Portraits de la Renaissance
de Nathalie Mandel

critiqué par Jlc, le 6 janvier 2008
( - 81 ans)


La note:  étoiles
L'élan et la lumière
Ce livre frappe d’abord par ses dimensions peu communes mais le portrait par Raphaël qui en est la couverture les justifie déjà, avant d’entrer dans cette galerie de portraits reflétant tout à la fois des histoires individuelles et leur universalité qui en fait, cinq ou six siècles plus tard, des témoins d’une grande modernité.

Nathalie Mandel a choisi une cinquantaine de tableaux, plus somptueux les uns que les autres, pour illustrer son propos, en un texte simple et très explicatif : la naissance du portrait à la Renaissance n’est pas le fait du hasard mais le fruit de circonstances artistiques, historiques, sociales, scientifiques et techniques.

Elle montre bien le bouleversement qui se produit alors quand l’invention de la perspective traduit une nouvelle vision du monde, quand l’image perd sa représentation exclusivement religieuse pour conquérir sa propre identité et mettre l’individu au centre de l’Histoire, même si elle demeure encore, chez les Flamands du quinzième siècle, une image de dévotion, les premiers portraits ayant été ceux de commanditaires d’œuvres pieuses.

Elle raconte la conjonction des temps, celui de la montée en puissance de quelques grands mécènes, seigneurs ou bourgeois enrichis dont le portrait signe la réalité du pouvoir ou la réussite sociale ; mais aussi celle des peintres qui ne sont plus considérés comme des artisans et obtiennent le statut d’artistes - on dirait aujourd’hui d’intellectuels - que symbolise l’apparition des premiers autoportraits. Ce fait historique se conjugue avec l’invention de la peinture à l’huile qui va remplacer la « tempera » ou peinture à l’œuf, pour simplifier.

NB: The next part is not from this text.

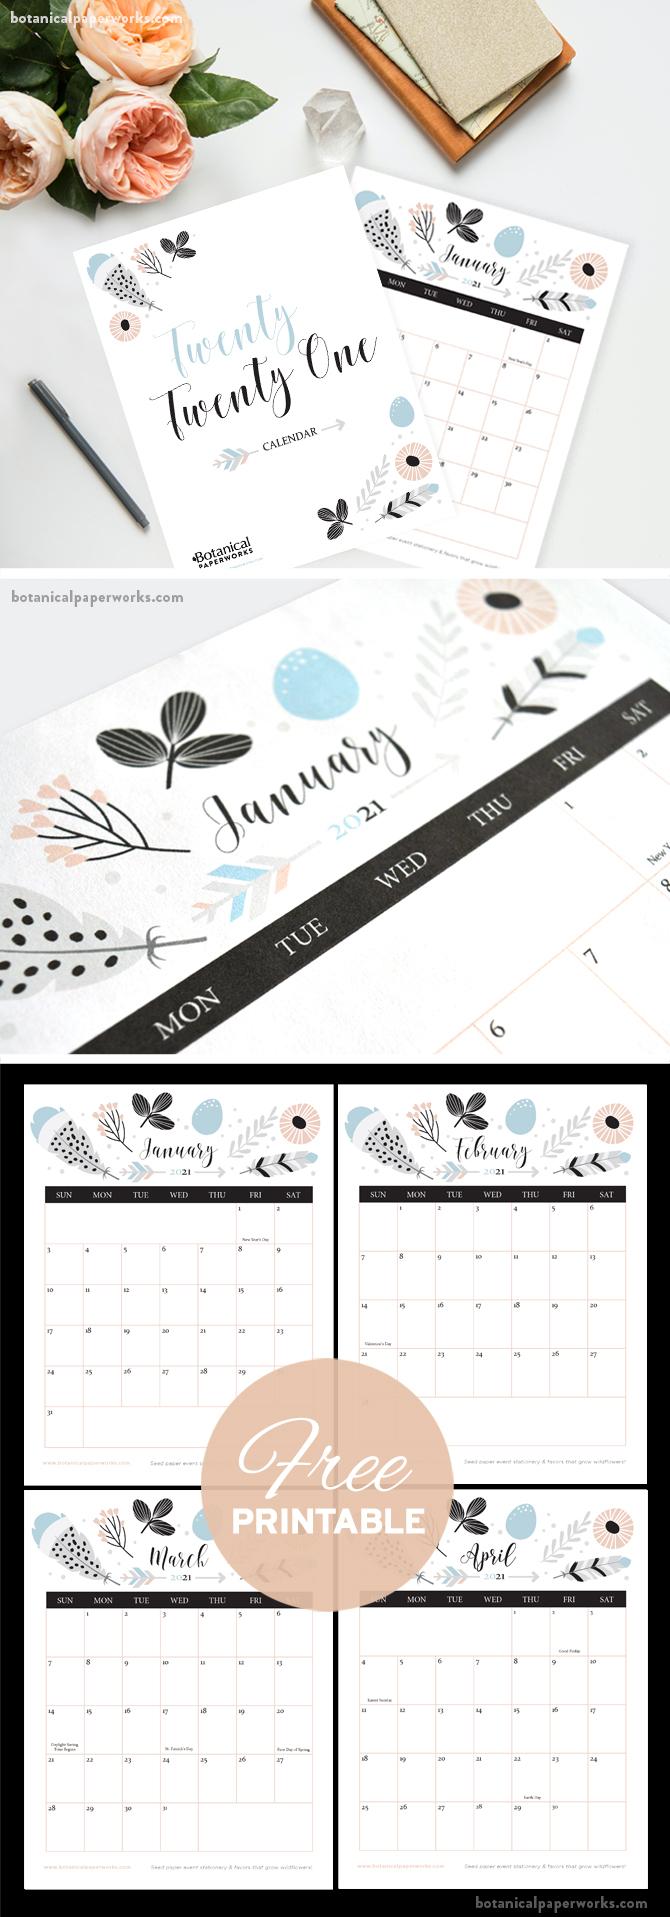 Free Printable 2021 Calendars | Botanical Paperworks pertaining to 2021 I-9 Form Printable

Elle explique comment on passe du portrait en buste et de profil qui permet de mettre en valeur la beauté d’un visage féminin à la manière d’une icône (cf. le portrait de Pollaiolo) au portrait de trois quart qui donne au visage sa force plastique (l’homme au turban rouge de Van Eyck) et annonce la structure tridimensionnelle du portrait moderne. Ainsi se crée pour la première fois une relation entre l’artiste, son modèle et le spectateur.

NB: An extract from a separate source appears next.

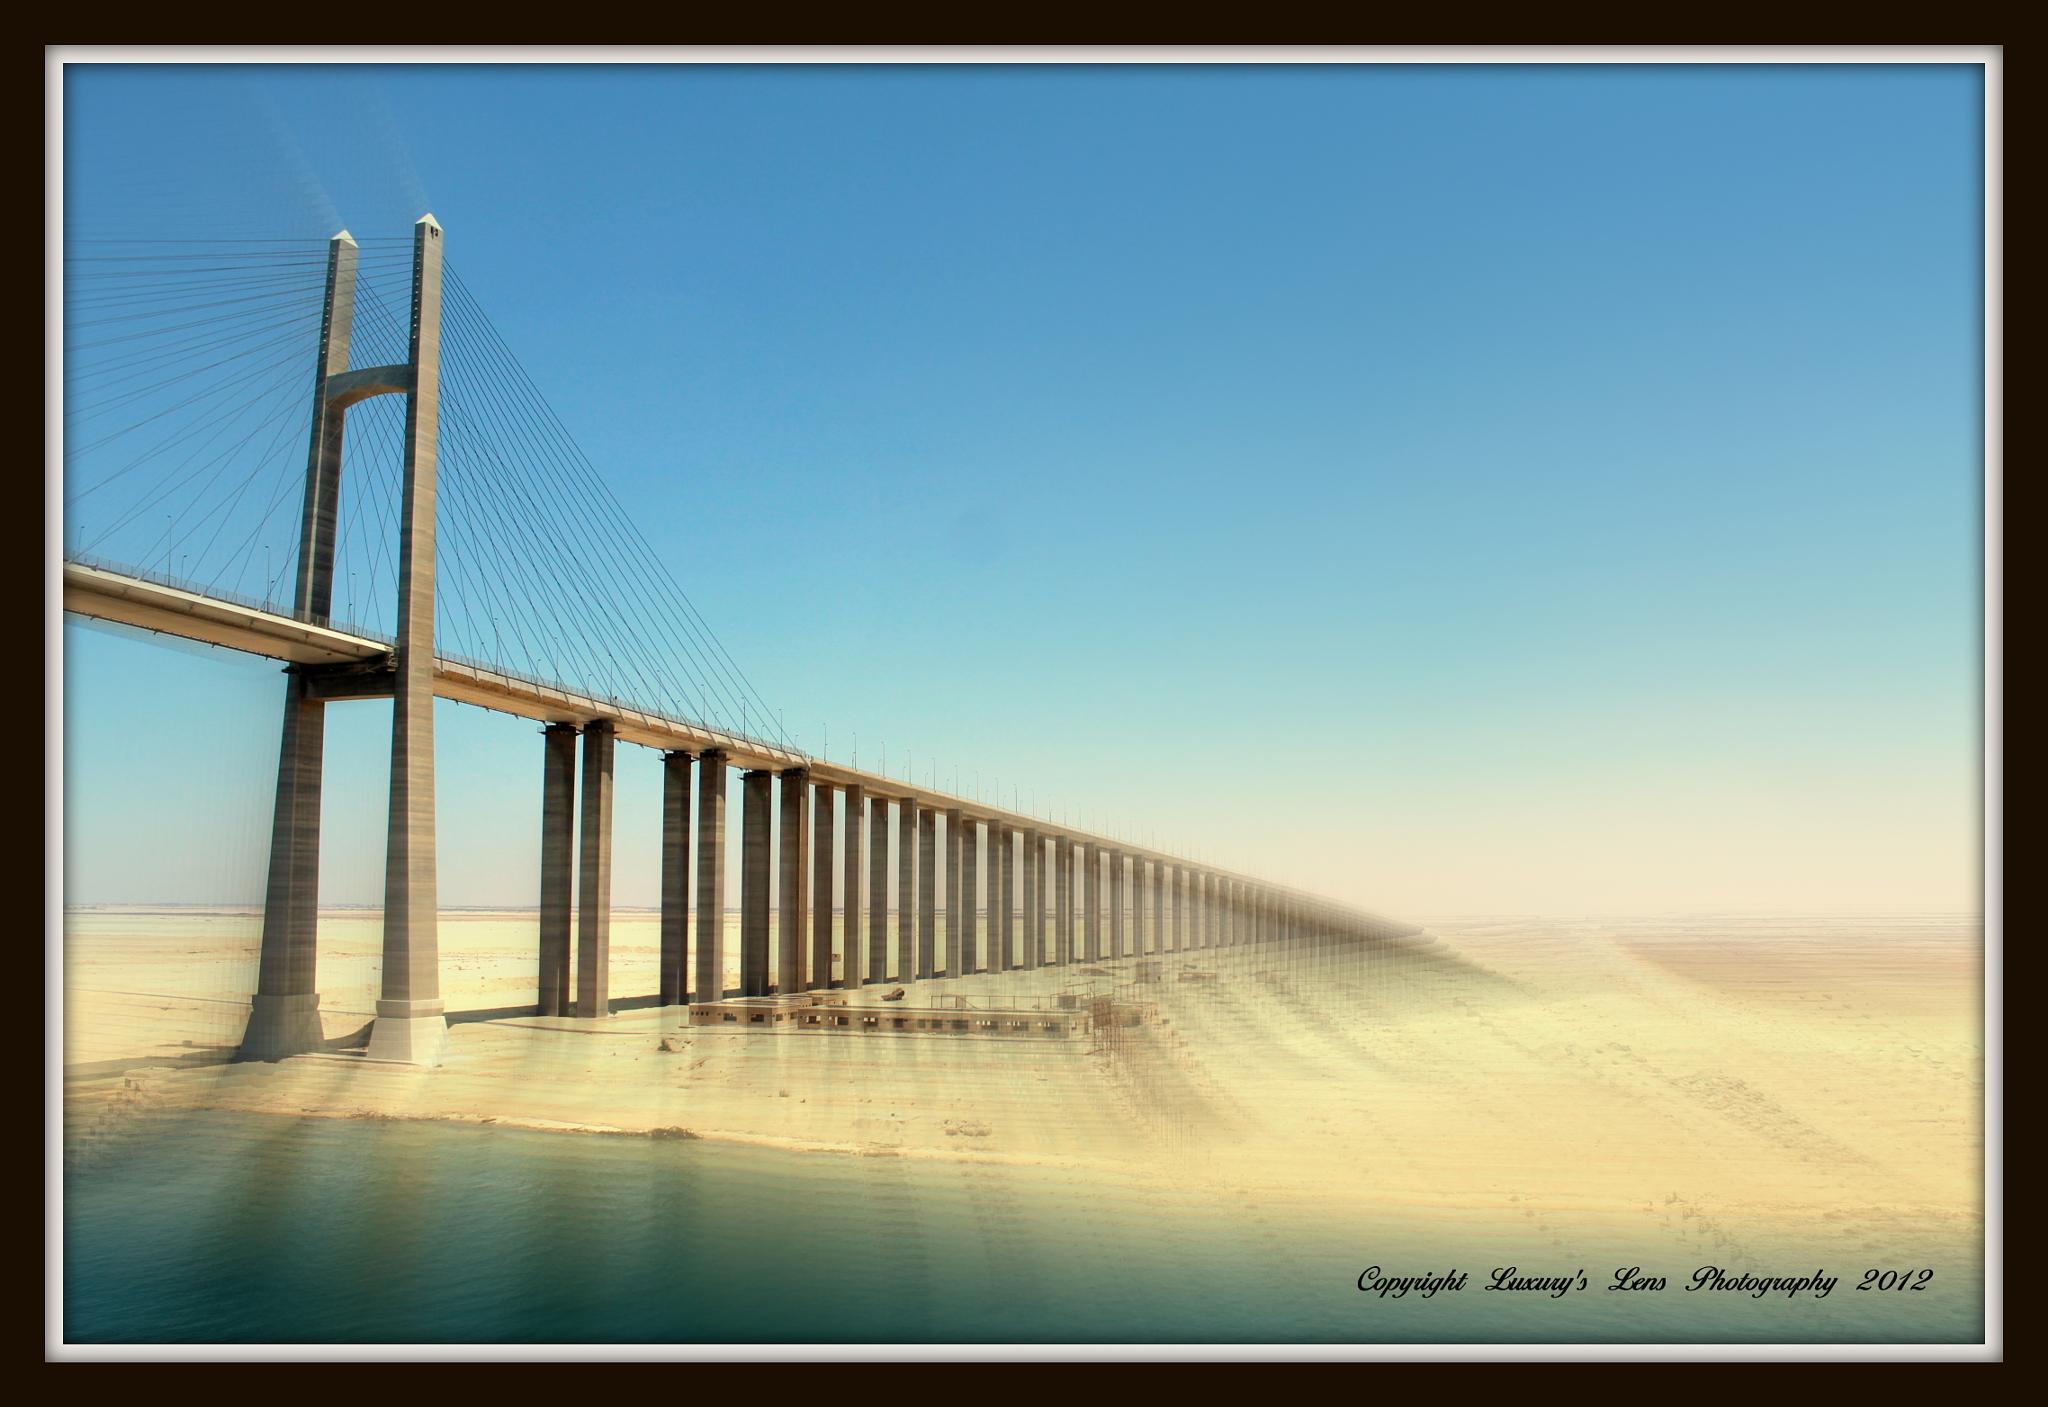 Friendship Bridge by ChristopherMorrison

Elle décrit cet élan qui gagne l’Europe où Flamands et Italiens s’influencent mutuellement, les uns apportant « précision de la description, virtuosité d’exécution, sens de la lumière » quand les autres dissolvent les formes dans la couleur et suggèrent une certaine douceur. Ces grands artistes parviennent à exprimer une ressemblance qui est autant spirituelle que physique.

La préface du livre est empruntée au grand historien d’art, Elie Faure, pour qui « ces hommes invincibles qui, alors que tous les pouvoirs s’associaient pour leur barrer la route, ne reculèrent pas devant le tâche de découvrir des faits et des idées qui brisaient leurs équilibres d’âmes… et maintenaient en eux la nécessité d’un effort toujours tendu vers d’autres conquêtes. »

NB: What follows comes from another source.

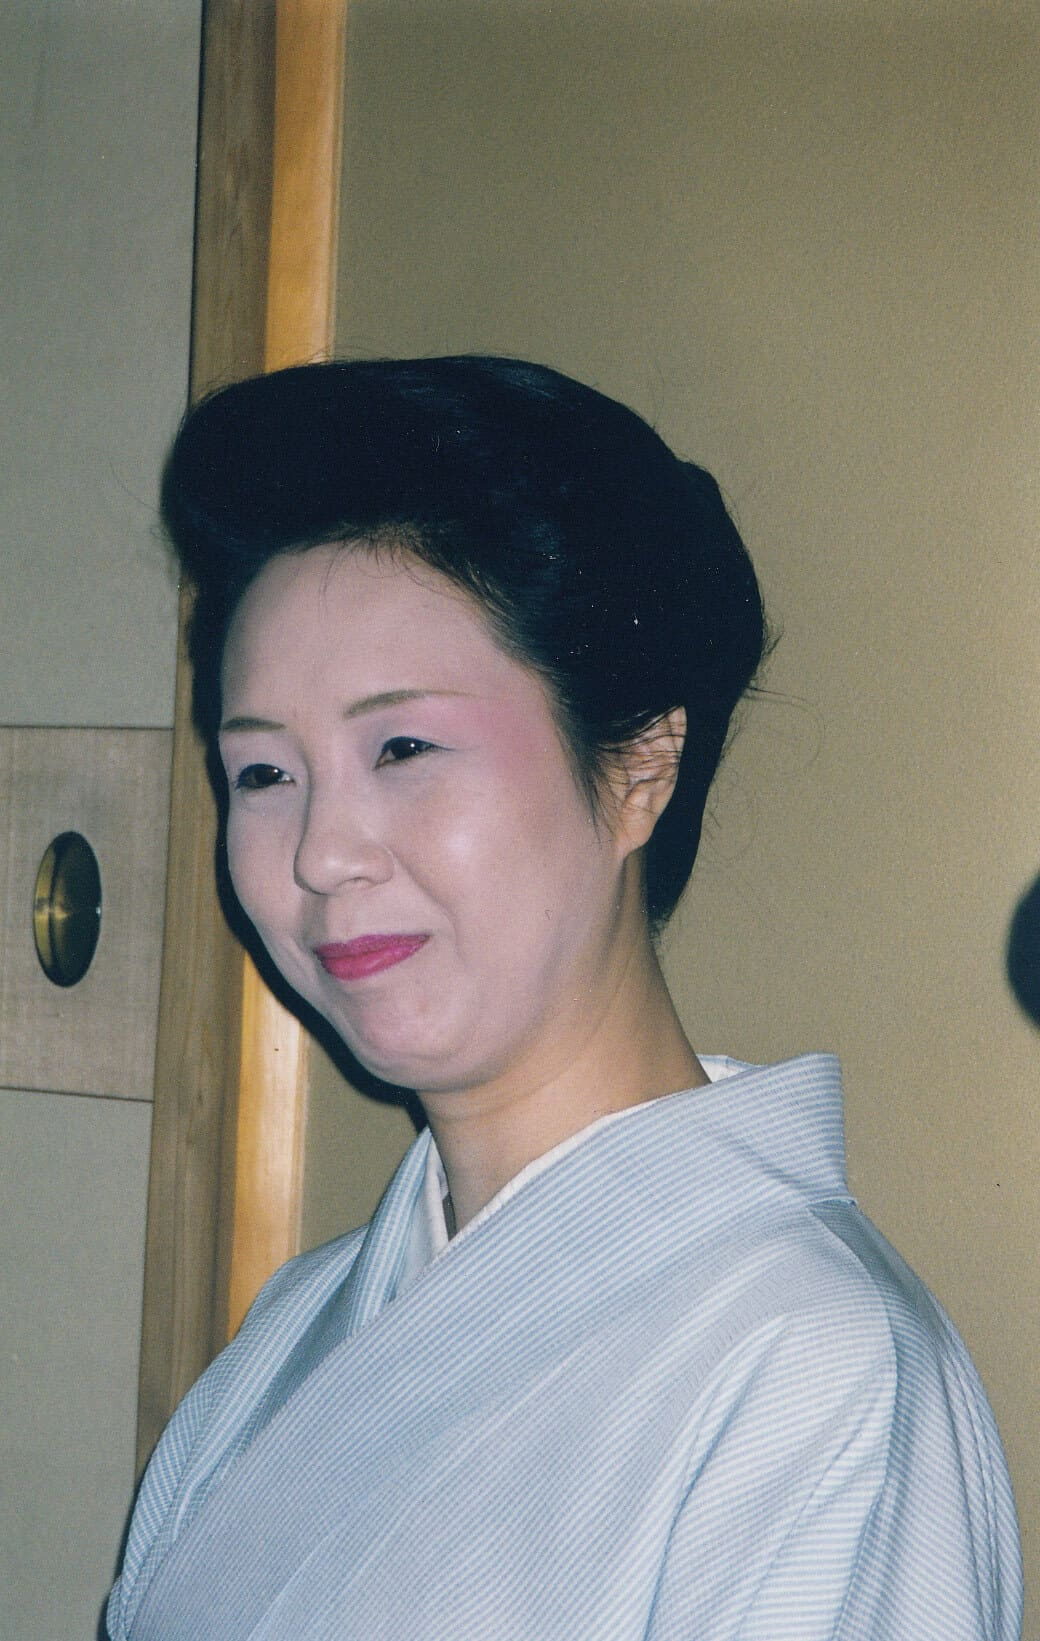 Kiyoha in geisha mode around 2000

Enfin il y a la magie des images et il faut rendre hommage à l’éditeur, Assouline, pour la qualité de son travail. J’ai vraiment ressenti un choc en découvrant, pages 20 et 21, les portraits de Maria et Tomaso Portinari par Hans Memling. Et je ne jouerai au petit jeu stérile de regretter que tel ou tel portrait n’y soit pas au détriment de tel autre présent, même si j’aurais aimé y voir « Bella » de Palma Vecchio, ce magnifique regard amoureux. Mais que dire devant l’autoportrait de Dürer, le condottiere de Messina, la gitane de Boccaccino ou Baldassare Castiglione par Raphaël, l’homme au gant du Titien ? Que dire si ce n’est citer Marcel Proust « Les grands artistes n’ont jamais fait qu’une seule œuvre, ou plutôt n’ont jamais que réfracté, à travers des milieux divers, une même beauté qu’ils apportent au monde » ou Thomas Mann « Nous sommes beaucoup moins des individus que nous l’espérons ou le craignons. »

Un livre dont le prix est certes élevé mais qui est, à ma connaissance, une des plus grandes réussites dans l’édition artistique récente.